Психиатр откинулся на спинку стула, стараясь нащупать в кармане третью за эту сессию сигарету; выходит, я себя так наказываю, подумал он, но если я это делаю, то зачем? И за какой смутный и непостижимый для меня грех? Или я просто ни на что большее не способен, и таков мой особый способ ощущать, что я на этом свете, как алкоголику необходимо выпить, чтобы почувствовать, что он существует, а бабник должен совокупляться, чтобы убедиться, что он мужчина? И тут мы приходим к основному вопросу, и вопрос этот, с вашего позволения, А Кто Я Такой? Спрашиваю я сам себя, и ответ, неизменный, упорно повторяющийся, всегда одинаков: говно.

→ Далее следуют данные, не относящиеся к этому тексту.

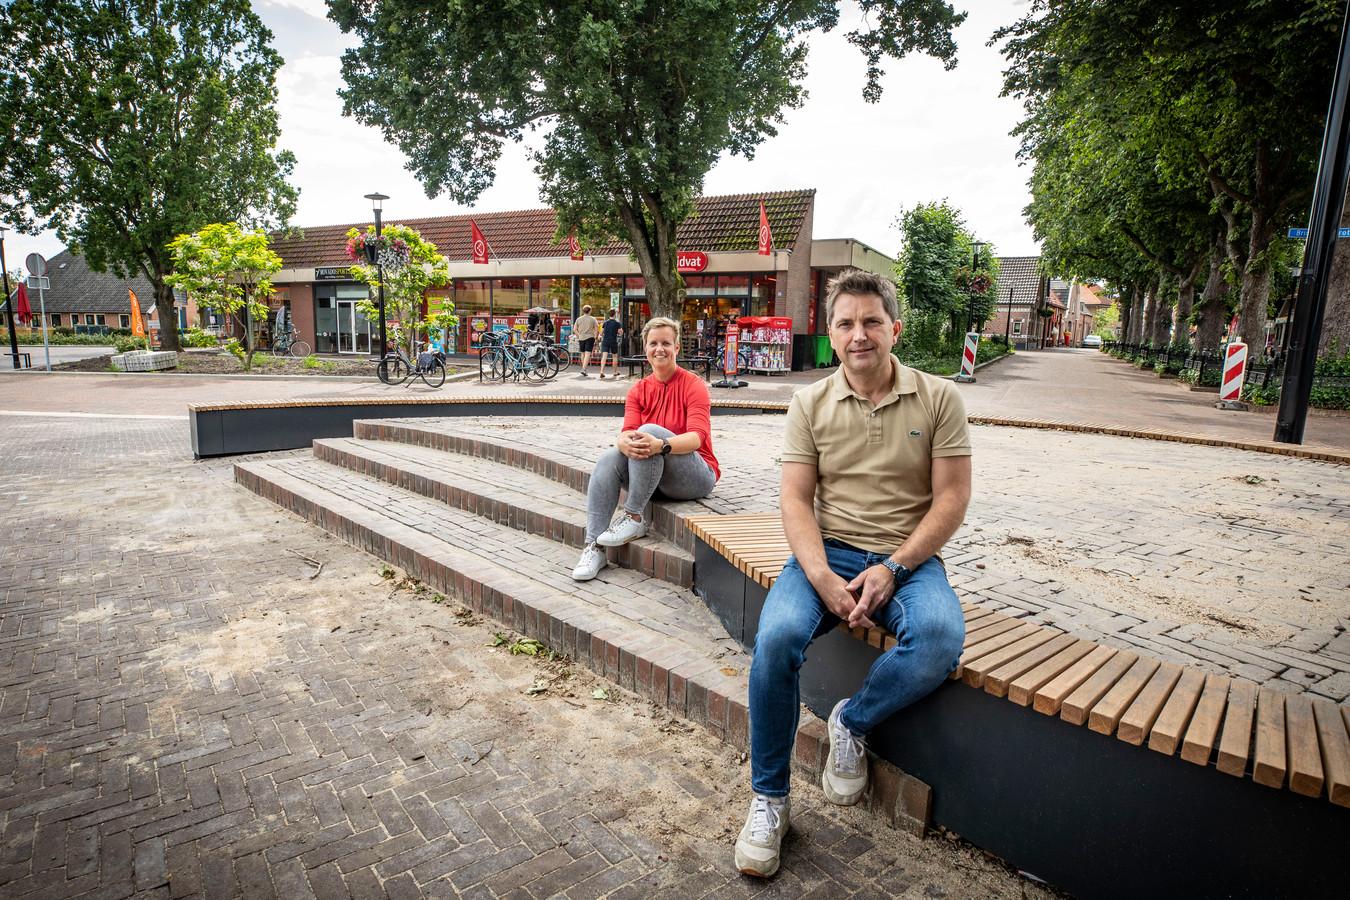 Patrick Ebbers en Marjon ten Brinke op het podium op De Brink in Eibergen, met op de achtergrond nieuwe plantenbakken en hanging baskets.
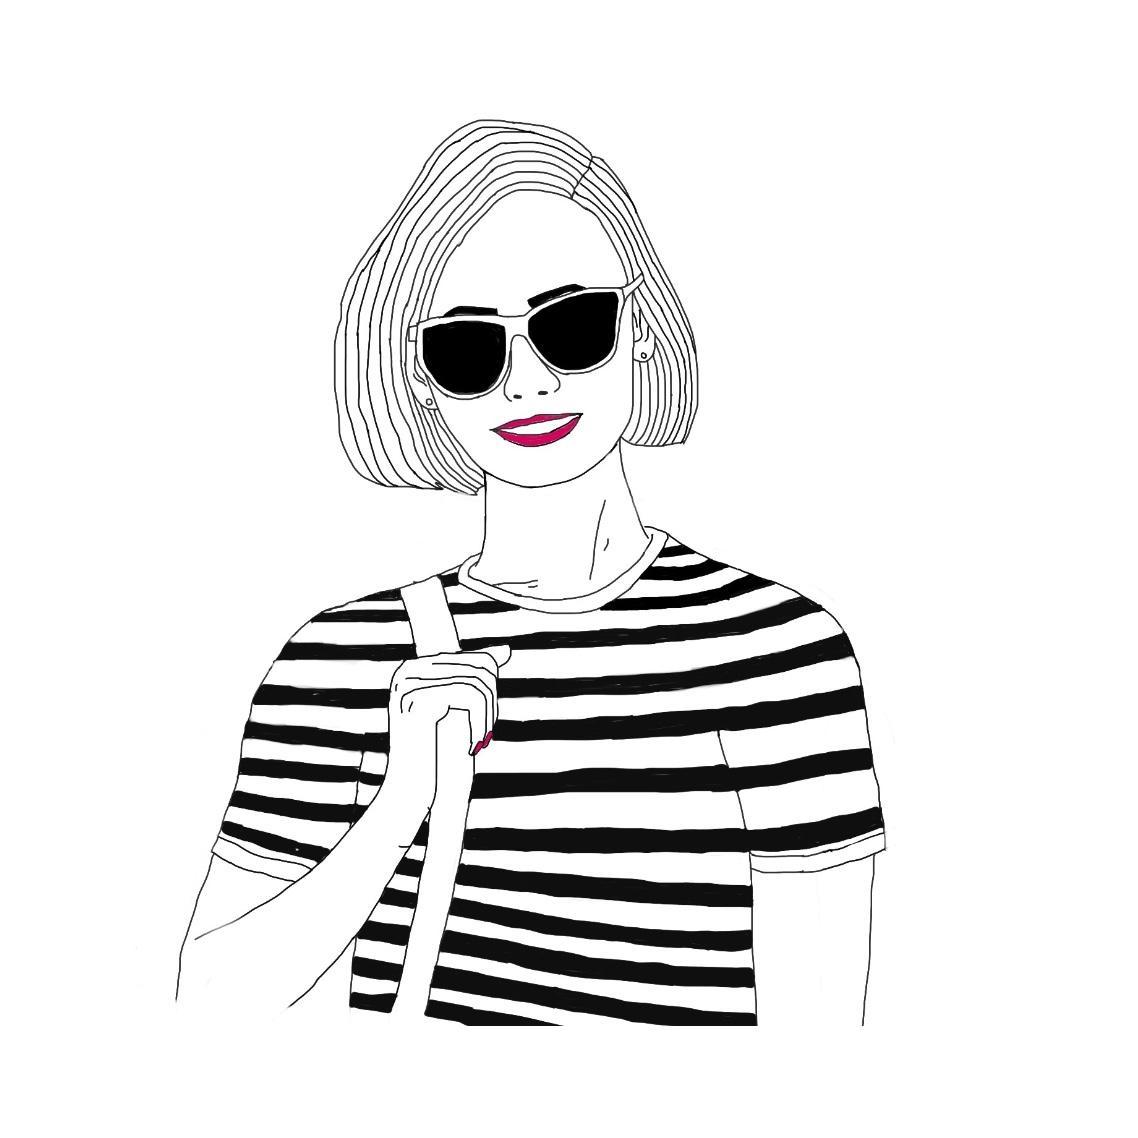 シンプルでオシャレな似顔絵イラスト描きます アイコンや名刺にお使い下さい商用利用はご相談

— Почему вы так не любите себя? — спросил отец-убийца.

— Возможно, потому же, почему мой дядя Жозе въезжал верхом на кухню к моей бабушке, — ответил врач.

И рассказал, как дядя Жозе, с которым ему не довелось быть знакомым, месяцами абсолютно неподвижно просиживал у окна, ни с кем не разговаривая, но в один прекрасный миг вдруг вскакивал, цеплял на лацкан фрака гвоздику, седлал кобылу и окунался в лихорадочную деятельность, носясь по магазинам и кабаре, а в перерывах рысью со старческим донкихотским ликованием скакал верхом по буфетным племянников и друзей.

— Дядя Жозе сам не знал, зачем гарцует среди кастрюль под вопли возмущенных кухарок, вот и я не знаю, отчего себя не перевариваю, — сказал психиатр. И добавил тихо тоном человека, завершающего некий внутренний путь: — Мой прадедушка застрелился из двух пистолетов, обнаружив, что у него рак.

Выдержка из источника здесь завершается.